What's interesting to me is pretzel logic to try to avoid admitting demand has been hurt. Not
why, just that is has.
Outside of list prices being cut heavily vs Q1 of last year while interest rates were not that different, we also have knowledge of the used car trends.
Yes, I'm going to bring up used car trends again. The average price of a used Model 3 and Model Y have dropped over $6000 in the past 5 months! There's no way that's not related to demand for new Tesla vehicles. If you drop the price of a lightly used 2023 Model 3 by $5000, less people are gonna pay a higher premium for a new one.
So no, it's not a surprise that we saw this trend in the data and then it would show up in less people wanting to buy new Teslas in Q1 unless prices were cut even further.
On the bright side, it seems the drop in prices is starting to slow down. Some of that is seasonality as you can see the CarGuru index turning up.
The main problem isn't one quarter of bad deliveries, it's about what will the market reasonably estimate will be growth in deliveries and operating margins over the next few years? I recently forecast $5 in 2025, but even that had some optimism built in.

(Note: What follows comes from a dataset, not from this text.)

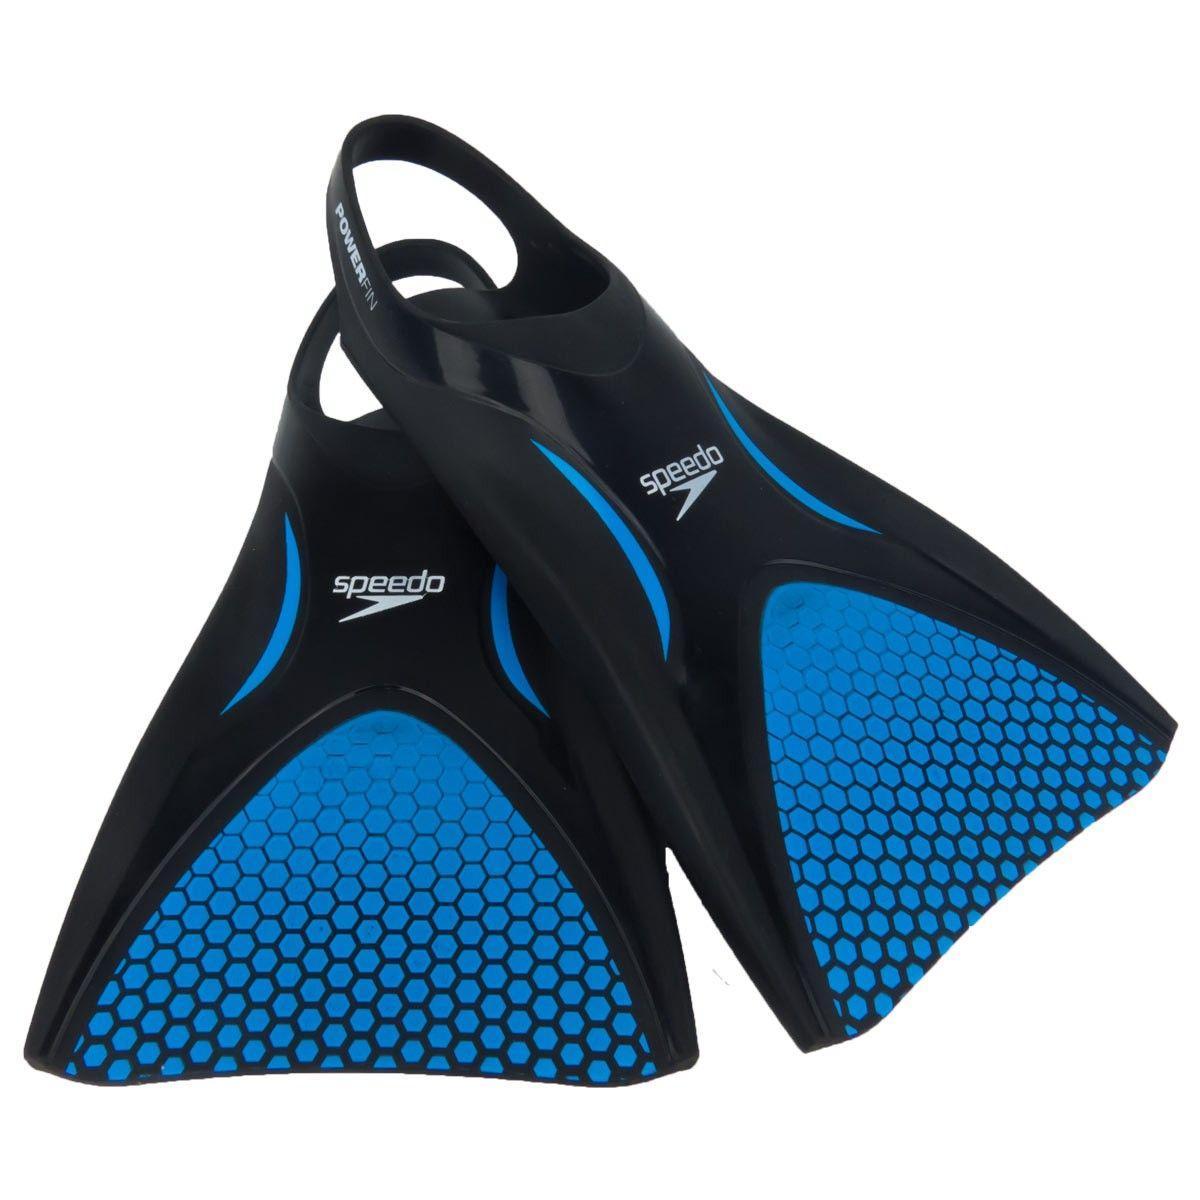 Nadadeira Power Fin Para Treinamento de Natação Tamanho 40/42 - Speedo

Operating margins might be in the 7% range for Q1. Getting them back to 10% would be a huge achievement, but at the same time not super high.
As for deliveries, now Tesla isn't likely to hit 2 million this year. 2025 might now be 2.2 to 2.3 million. With lower operating margins and deliveries than expected before, possible earnings are closer to $4.
5 million cars per year might take until 2028. We can't assume 20 million anymore. It's very clear any country that has tariff-free access to Chinese cars will receive a whole bunch of those and Tesla's margins will be competed down to (e.g. Tesla will NOT return to having big gross margins from Shanghai). Yes they may have better margins than competitors, but those competitiors will just go to breakeven).
5 million EVs at 10% operating margin will stil justify a higher share price than the current level. You can probably get $6 EPS from it. But it's gonna take 4 years or so to get there. With some discounting rate and PE of say 30-40, fair day current value of that pure automotive portion of the company is probably worth around $150.
The share price value above $150 in the next year can from (my guesses):
1) FSD (obviously)
2) Big margins and growth from Cybertruck
3) Big margins and growth from Energy (but hard to see this happening in next 12 months due to lag)
4) Unexpected news on next gen brought to production earlier than expected.